Tuesday, February 19th, 2019

Recipe: lentil beet salad

This winter has been deeply satisfying compared to last winter. First off, we are getting snow. Although the Colorado snowpack currently registers slightly above average, we find this exhilarating and refreshing. Second, Yuki is learning the ways of the Colorado Mountain Dog. Not only has she been our easiest dog to train, but she is loving her little snow adventures on the Nordic trails, the mountain, and in the backcountry. Third, Jeremy and I have been exploring new-to-us trails and scoping out potential mushroom spots for this spring/summer.


skinning up through bright and happy aspen forests

yuki’s first time on our favorite stretch of (dog-friendly) nordic trail

sunshine after the storm: grabbing powder on a bluebird morning

the winds sending prayers and mantras across the mountains

a colorful and stormy sunrise



You might think with all of the great snow this season that we would never want winter to end. Not so. I do love my winters very much, but I find joy in every season.

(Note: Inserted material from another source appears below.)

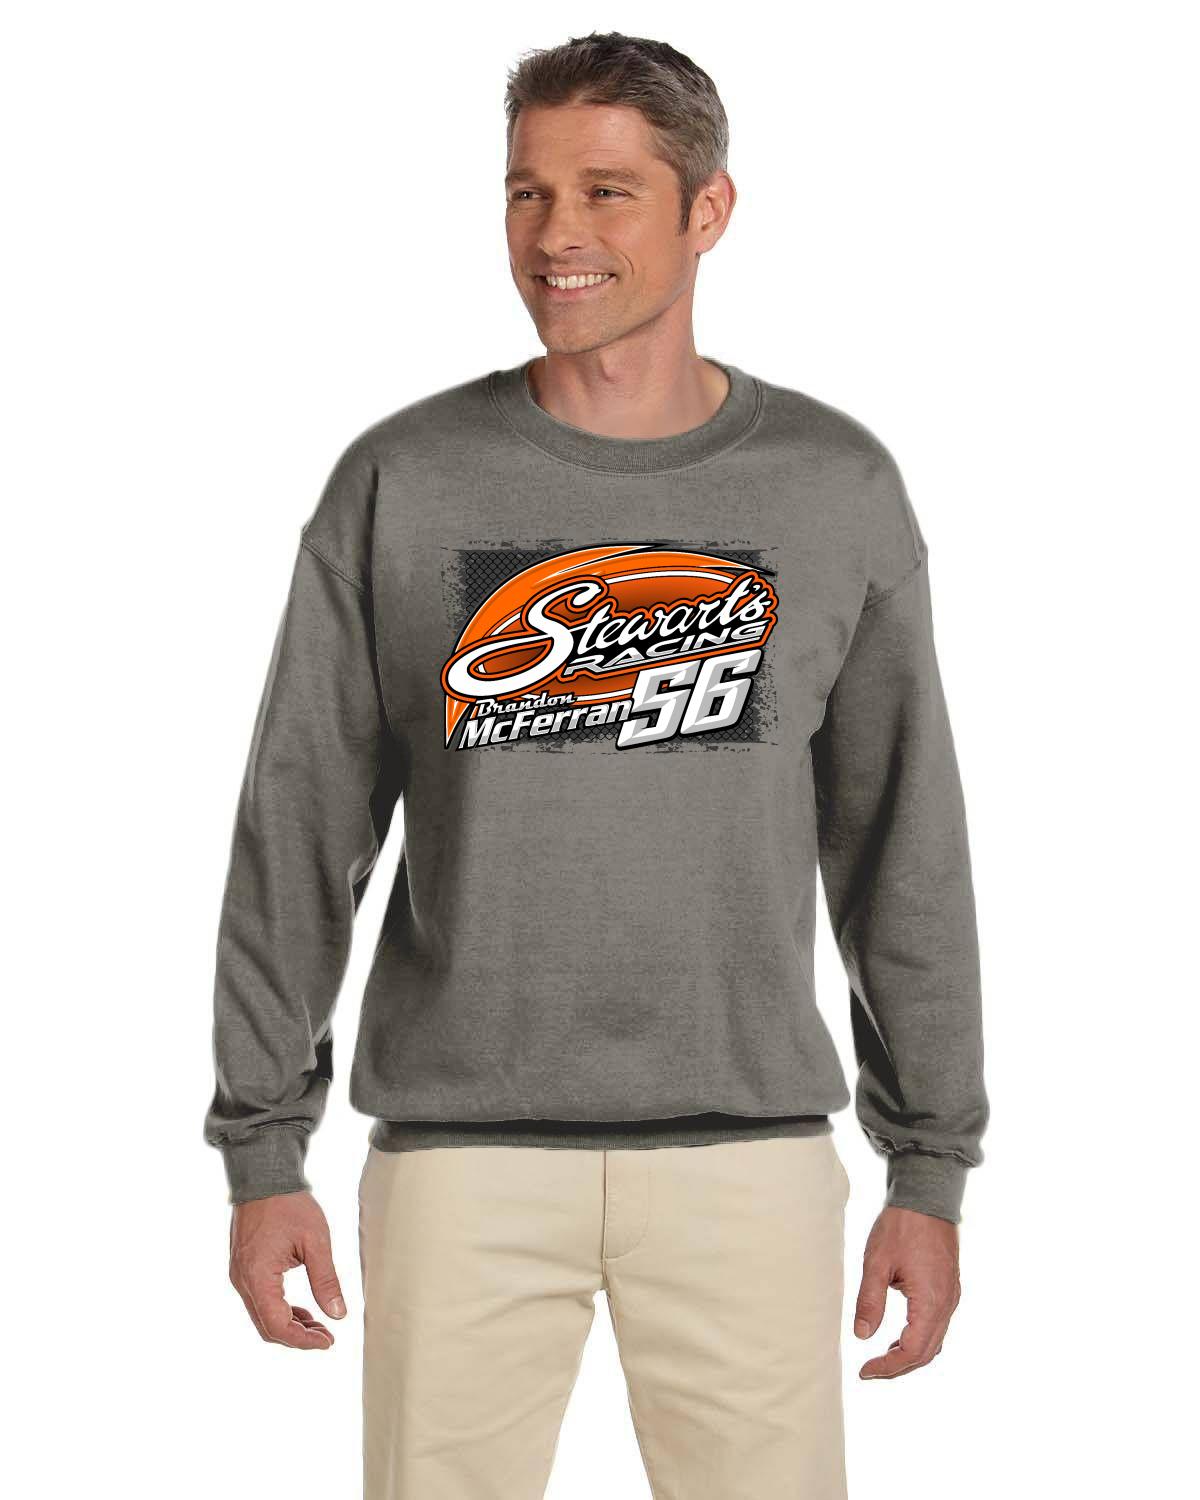 Stewart's Racing Brandon McFerran 56 Adult crew neck sweater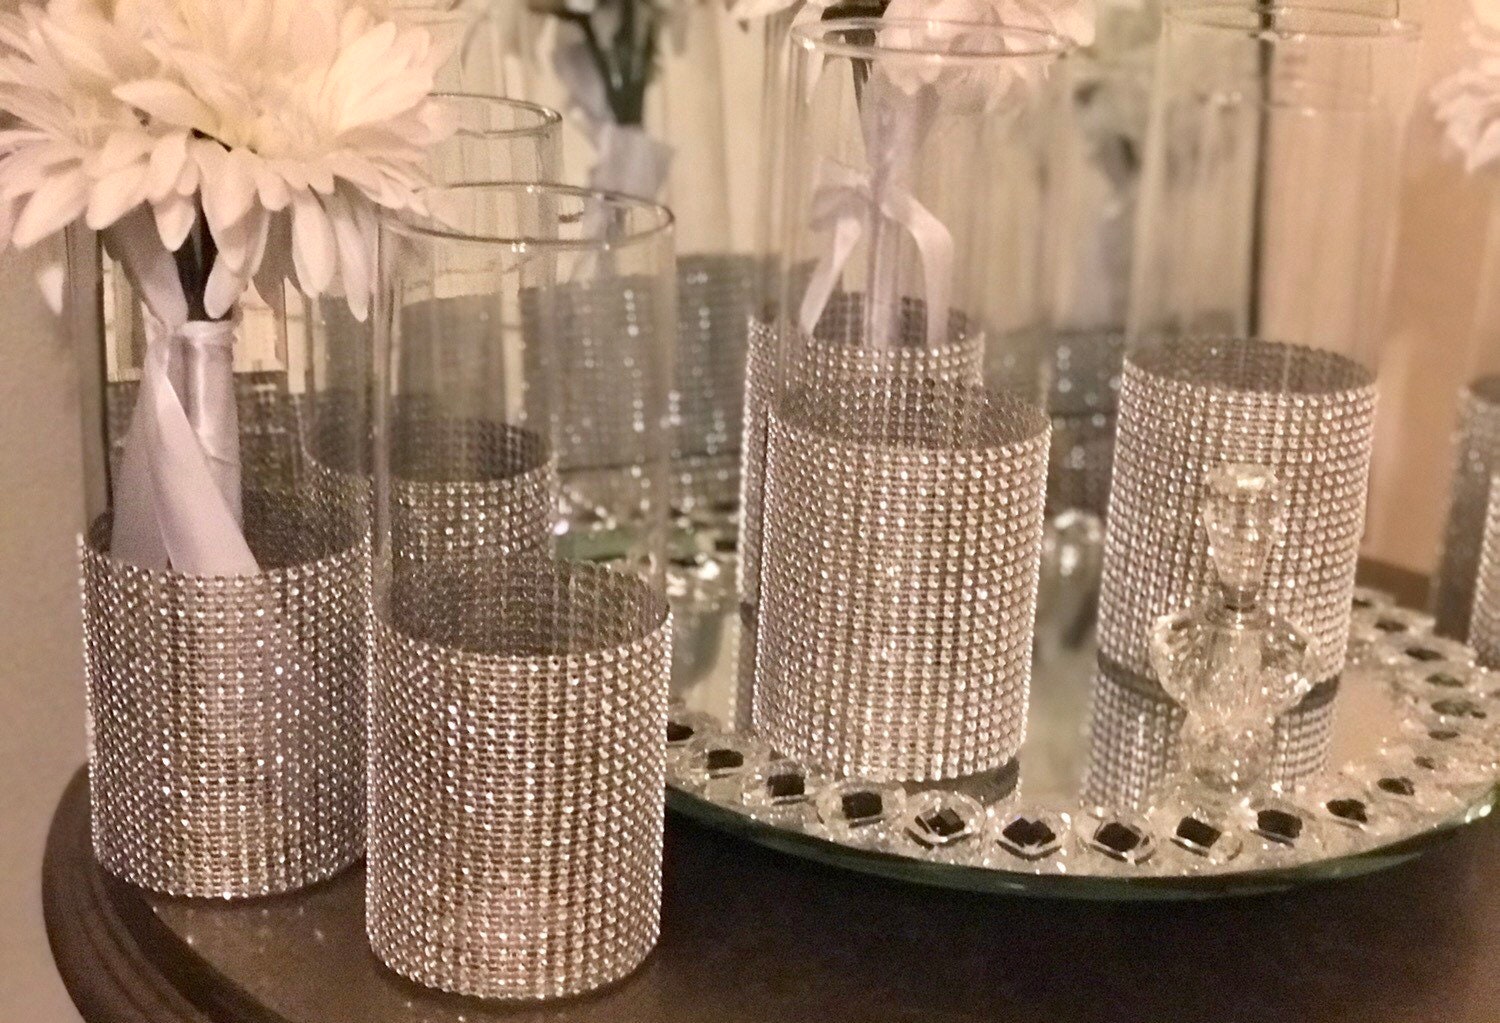 Centerpieces, Wedding Decor, Cylinder Vases With Silver Rhinestone Look  Mesh Wrap Bridal Bouquet Holders Tall Centerpieces Wedding Decor -   Denmark

The extra daylight as we inch closer to spring has my brain spinning in anticipation of crust cruising, the sound of snow melt trickling past newly sprouted blades of grass, hunting morels, the return of birds and their songs. Don’t even get me started on summer. We have high hopes for some big hikes and backpacking trips with Neva and Yuki. Of course, I am certain come July I will be pining for the cold starry nights, fluffy snow, and long-simmered stews of January. I love it all.

After the celebratory dishes for Chinese New Year, a chocolate shoot for a client, and recipe testing sweets, I just want to eat salad. These days my salads take on the hearty form of a meal in contrast to the delicate summer counterparts loaded with seasonal greens and presented as side-dishes. I like sweet, sour, crunchy, nutty, earthy components in my bowl. The beauty of the salad is that you include or omit ingredients according to your tastes. Here are some of my favorites.


beets, romaine lettuce, croutons, red cabbage, lentils, edamame, pumpkin seeds, sunflower seeds, kidney beans, garbanzo beans



I find the easiest way for me to regularly eat salads is to prep the ingredients at the start of the week so that I essentially have a “salad bar” from which to pack or assemble my lunch. If you use dried lentils and beans, that means cooking them ahead of time. Of course, to save time, you can purchase cooked lentils (I’ve seen them pre-packaged at Trader Joe’s) and canned beans. Same applies to beets – you can cook them (roast or boil) or purchase them already cooked or pickled.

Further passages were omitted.